Bug doesn't really throw fits, but seems to always really want the opposite of whatever I just said. She doesn't really throw a fit, but many times, will ask me a question about something she wants to do. If my response is not what she wanted, she always says these three words: "Just real quick?". I guess she thinks if we do it quick, it will be okay. Her upset times are usually at times when we're headed out the door and she wants to do something that is not a "morning before school" activity.

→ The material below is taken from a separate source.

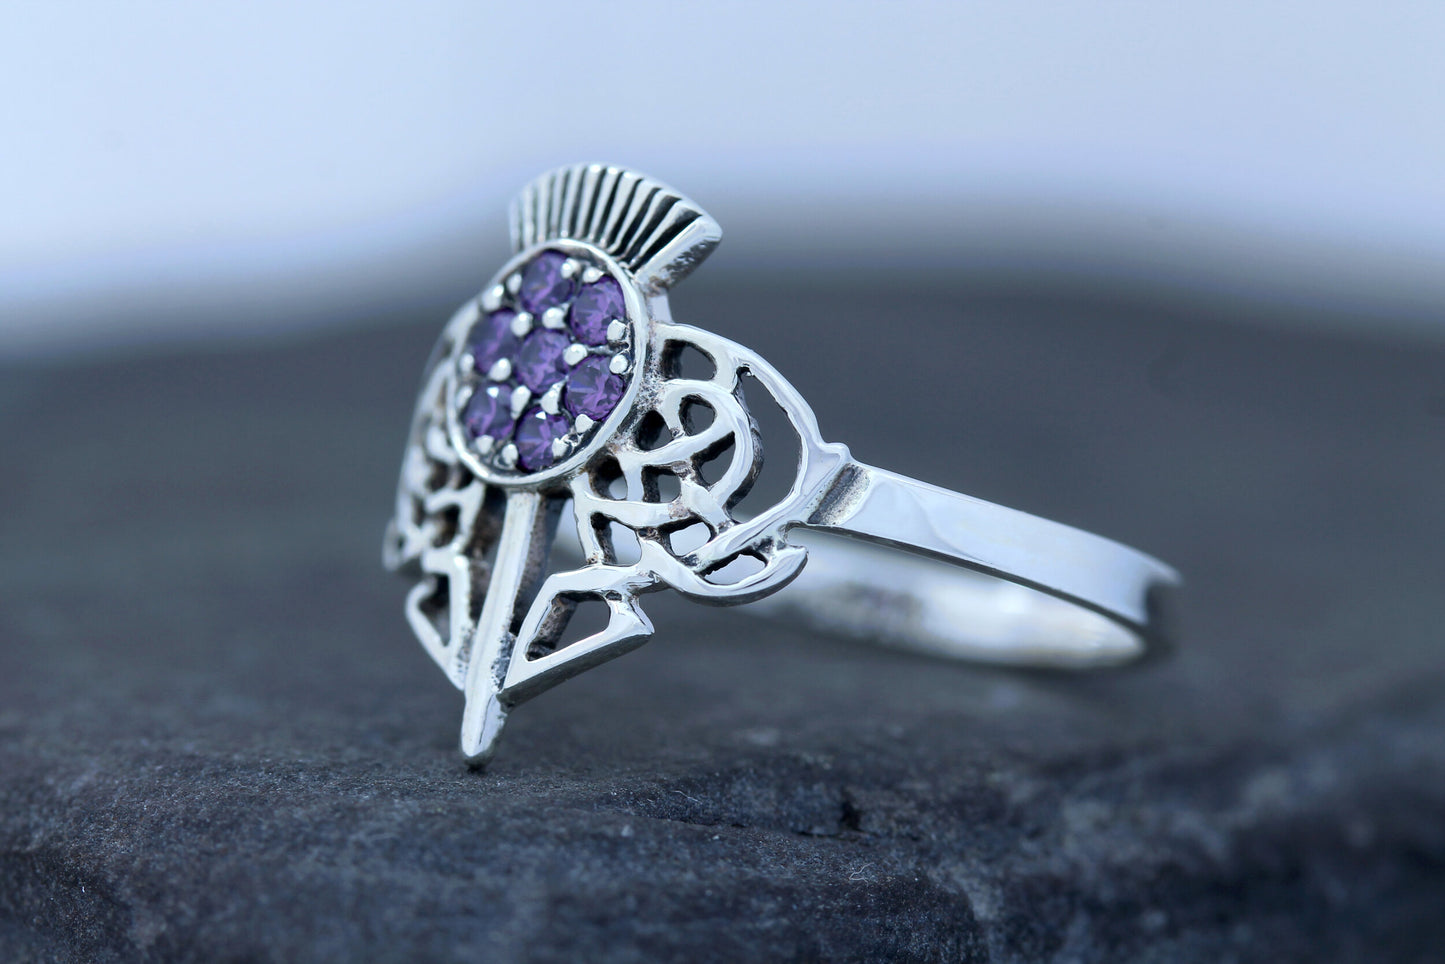 Scottish Thistle Ring - Jewelled Crown with Celtic Knot Leaves

I'm not complaining about these terrible twos, and it is really not a suitable name for this stage of a child's life. They are both so precious and hilarious and loving! They especially love each other. Birdie is enamored with all the other children, and is excited when she is doing whatever they're doing. She wants to be right in the middle of whatever they're doing. Her eyes (and Bug's eyes for that matter) are so so expressive. That is also something that she's just recently begun doing, maybe in the last two months. She makes all these silly faces and her eyes get real big as she does something, almost intentionally to make the others laugh. She mimics what anyone around her says, but when she says "Please", somehow she makes it into two syllables, like "pee-dah". When I'm putting ice into glasses for supper, she says "ice" in such a Southern accent way that it sounds almost like "i-us".

On the way to school a few days ago, I started saying the books of the Bible and asking Birdie to repeat after me. She cooperated and began attempting to say all these multiple-syllable words like Deuteronomy and Leviticus. When we got to Ruth, we had to stop because we all couldn't stop laughing. For some reason, when I said Ruth, she must have thought I was making a dog sound (Birdie is all into all the animal sounds and looking at animals, especially dogs). After I said, "Say Ruth," she said, "Roof-roof!" really loud and deep!

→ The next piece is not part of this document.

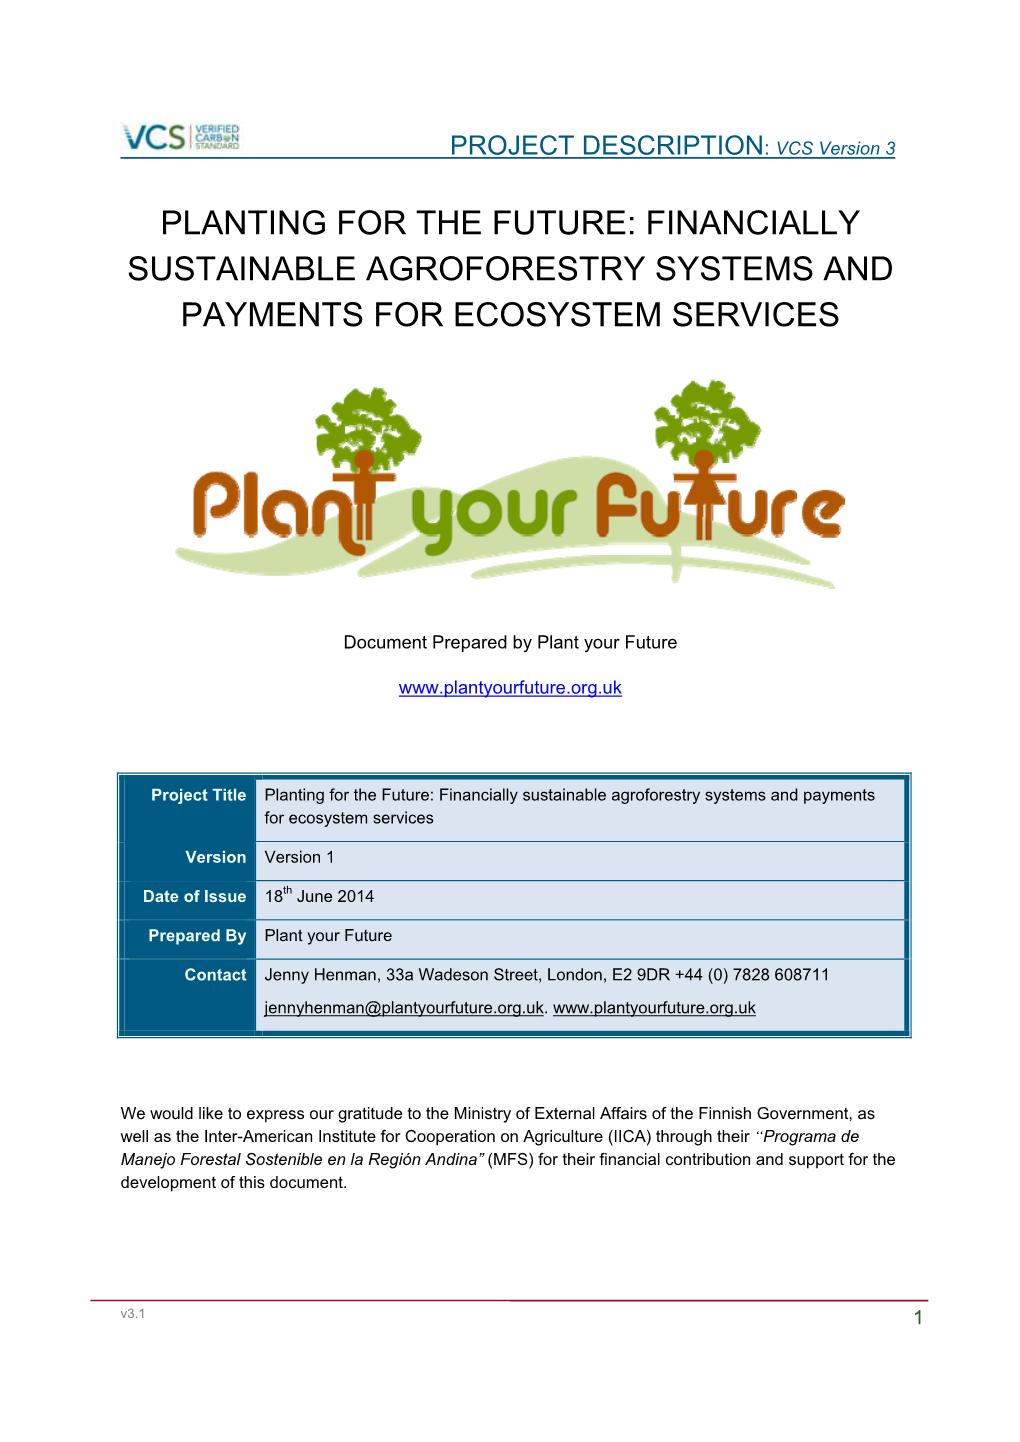 Planting for the Future: Financially Sustainable Agroforestry Systems and Payments for Ecosystem Services

Bug is natured so like me, so sensitive and upset over the smallest thing, especially if she thinks she did something wrong. She is very very verbal, and when she uses words incorrectly, it drives Lou Lou crazy. For example, anything in the past, whether it was a few hours ago or two years ago, happened "yesterday" in Bug's vocabulary. Also, she adds "ded" to the end of most verbs in the past tense. She might say, "Mama, you 'member yesterday when Birdie had her birthday [which was back in July], Mama C and Papa and MaJe and Papa J cameded here and we ated breakfast and ated birthday cake and Birdied blowded out her candle?". Then Lou Lou pipes in, "That was not yesterday!".

Bug has a puzzle of a map of the USA. She loves putting it together, and after it's all finished, always wants to know where people live. She calls it her land puzzle, and she says it tells her what land everybody we know lives in. She knows we live in North Carolina, and her eyes get great, great big when I answer most of her questions with North Carolina also. "Where does Mama C live?" When I tell her North Carolina, she has a look of surprise and utter glee and responds, "The same as us?". She is hilarious!